Biddy’s face knot up. “Huh?”

“I look like a duck? How I’m s’pose to know what a duck eat?”

Biddy look at me like I’m stupid. “You the one knows how to read. If I could read, I’d make sure I learned things.”

My head start to ache. I couldn’t think of nothing to say. I went back to washing the tomatoes.

“So, can you get me some dry corns at the store where you work?”

“Biddy, I work at a grocery store. I don’t know where to get dry corn. And you don’t got to go feeding that duck. It’s been having babies all by itself for a long time. It don’t need your help.”

Biddy sniff her nose. “That’s what you know.”

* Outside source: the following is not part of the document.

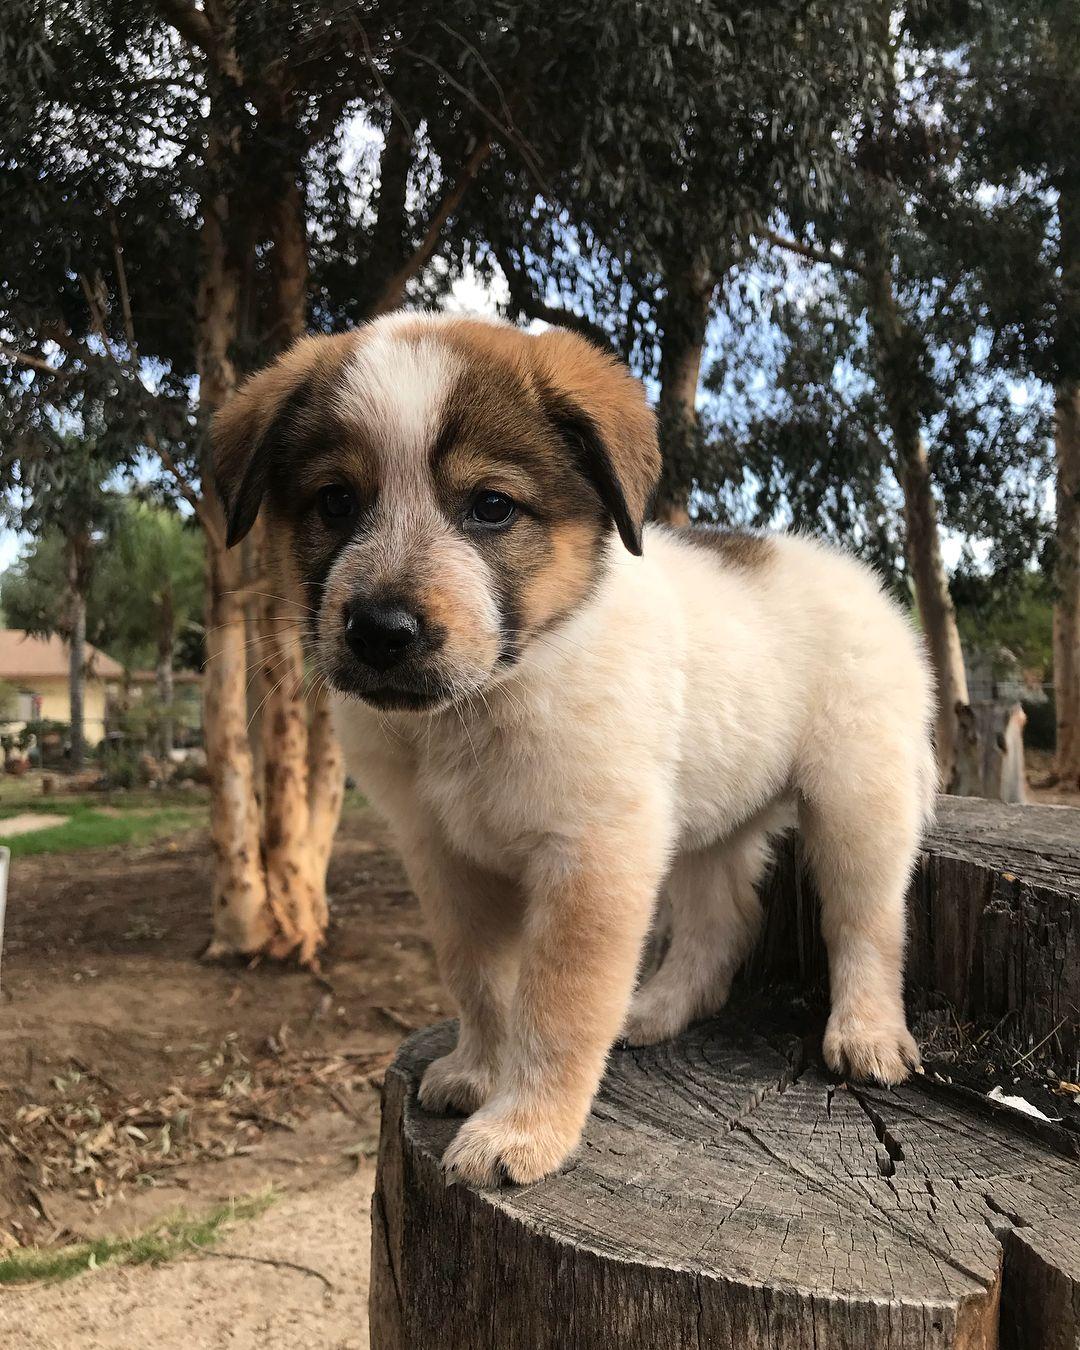 Australian Shepherd & Rottweiler mix named JagerAustralian Shepherd Rottweiler Mix Information
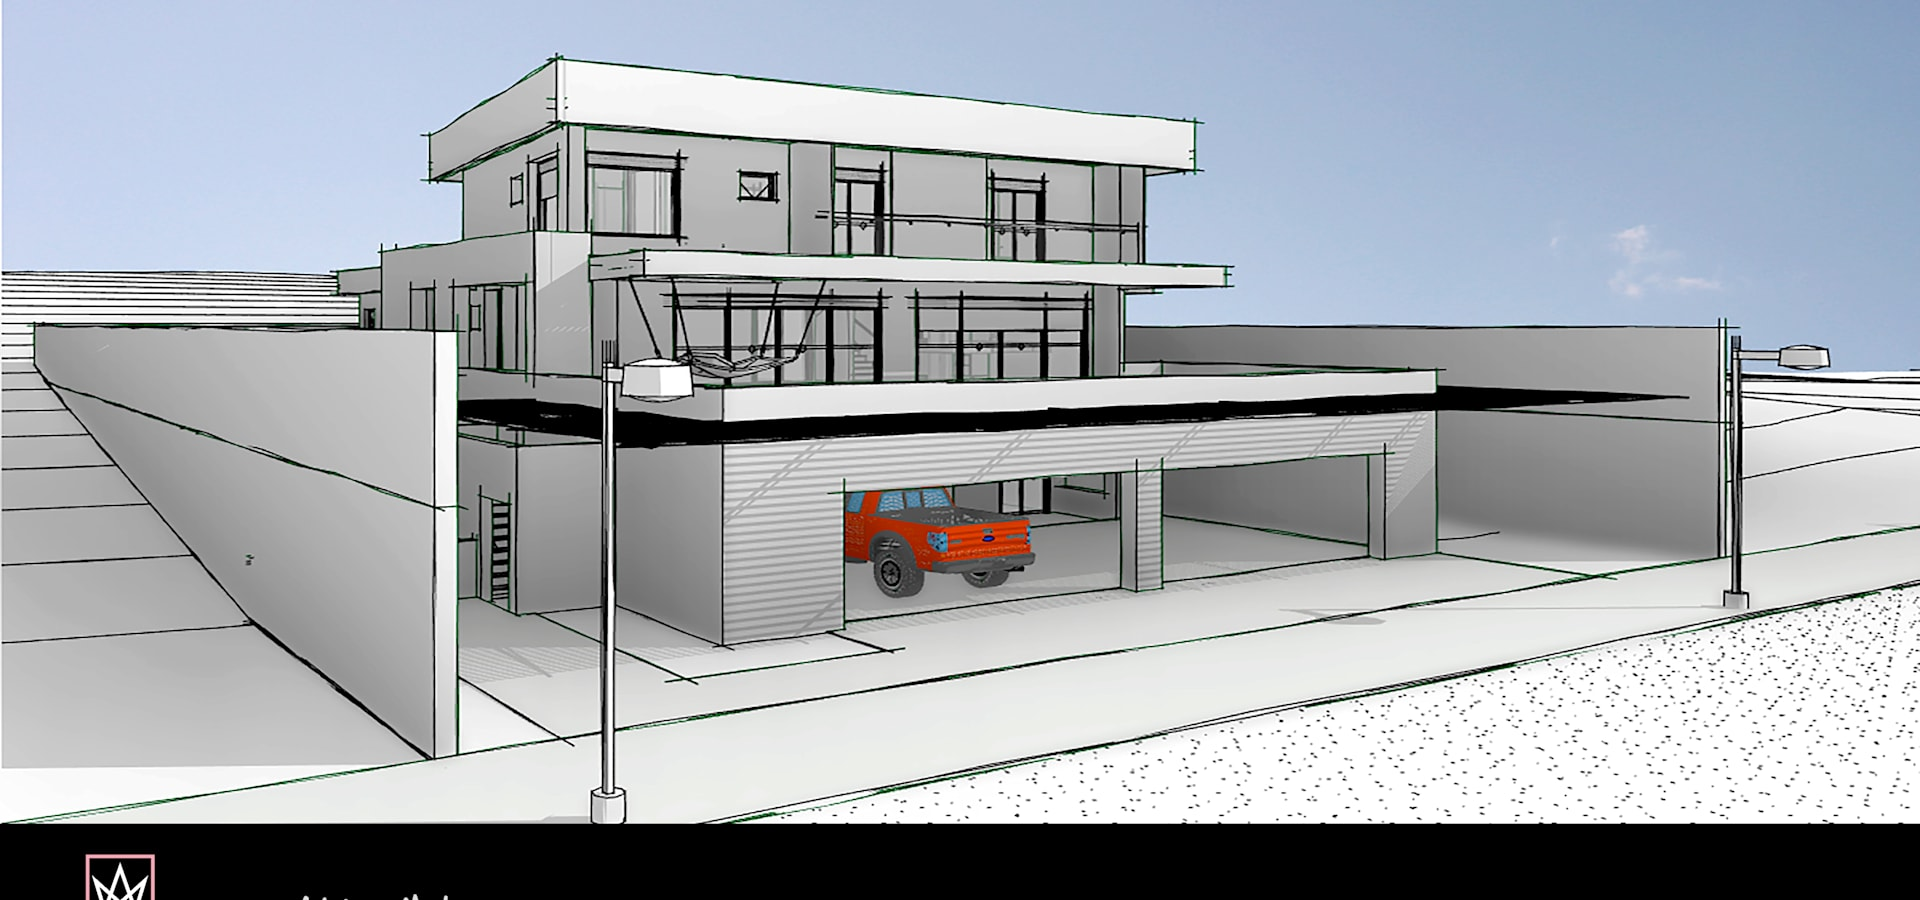 Arquitetura M—Arquitetura e Engenharia

Now, what was that s’pose to mean?

We went on over to Lizabeth’s and I roast us a chicken and made a tomato and basil salad with hunks of cheese and olive oil drizzled on top. Biddy watch how Lizabeth eat and use her napkin and did exactly how Lizabeth did.

“Miss Lizzy, do you know where I can get dry corns?” Biddy axt.

“Oh, Lord, here we go,” I say.

Biddy cut me a look and say, “You hush. You don’t even like ducks.”

Lizabeth put her napkin up to her mouth. Look like maybe she be hiding a smile. Now Biddy got Lizabeth thinking I’m a fool.

“Ain’t got nothing to do with liking or not liking ducks,” I said low-like.

“Miss Lizzy, can you get rabies from a duck?”

That napkin too small to hide Lizabeth’s smile now.

“Why, Biddy, I’m not sure. I don’t think I’ve ever heard of”— a little laugh jump out Lizabeth’s mouth —“duck rabies.”

Biddy nod her head at me, like “See!”

“We need to be eating this chicken before it get cold,” I say. I say it loud so Biddy would hush her mouth.

“Miss Lizzy, I need corns to feed that Mama Duck so she don’t leave her babies.”

A look crosst Lizabeth’s face that was so sad and soft I was certain sure right then that Lizabeth knew ’bout Biddy’s took-away baby.

“You could ask Stephen to get you some corn.”

“I can’t be asking no boy for nothin’,” Biddy say, so low I almost couldn’t hear her.

Lizabeth let the clock ticktock a little bit, then say, “I believe you could buy dry corn at a feed store, Biddy.”

“I have to leave here and go get it?” Biddy slunk down. But right away she hitch up her back. “How far is a feed store?”

“We’d have to look it up. We’ll do that another time. As Quincy said, we need to eat this wonderful chicken before it gets cold.”

I thought about saying we oughta roast that duck and make omelets from the eggs, but sassy as Biddy done got, I figured she might stab me with her fork. Fool girl acting so crazy she might have the duck rabies already.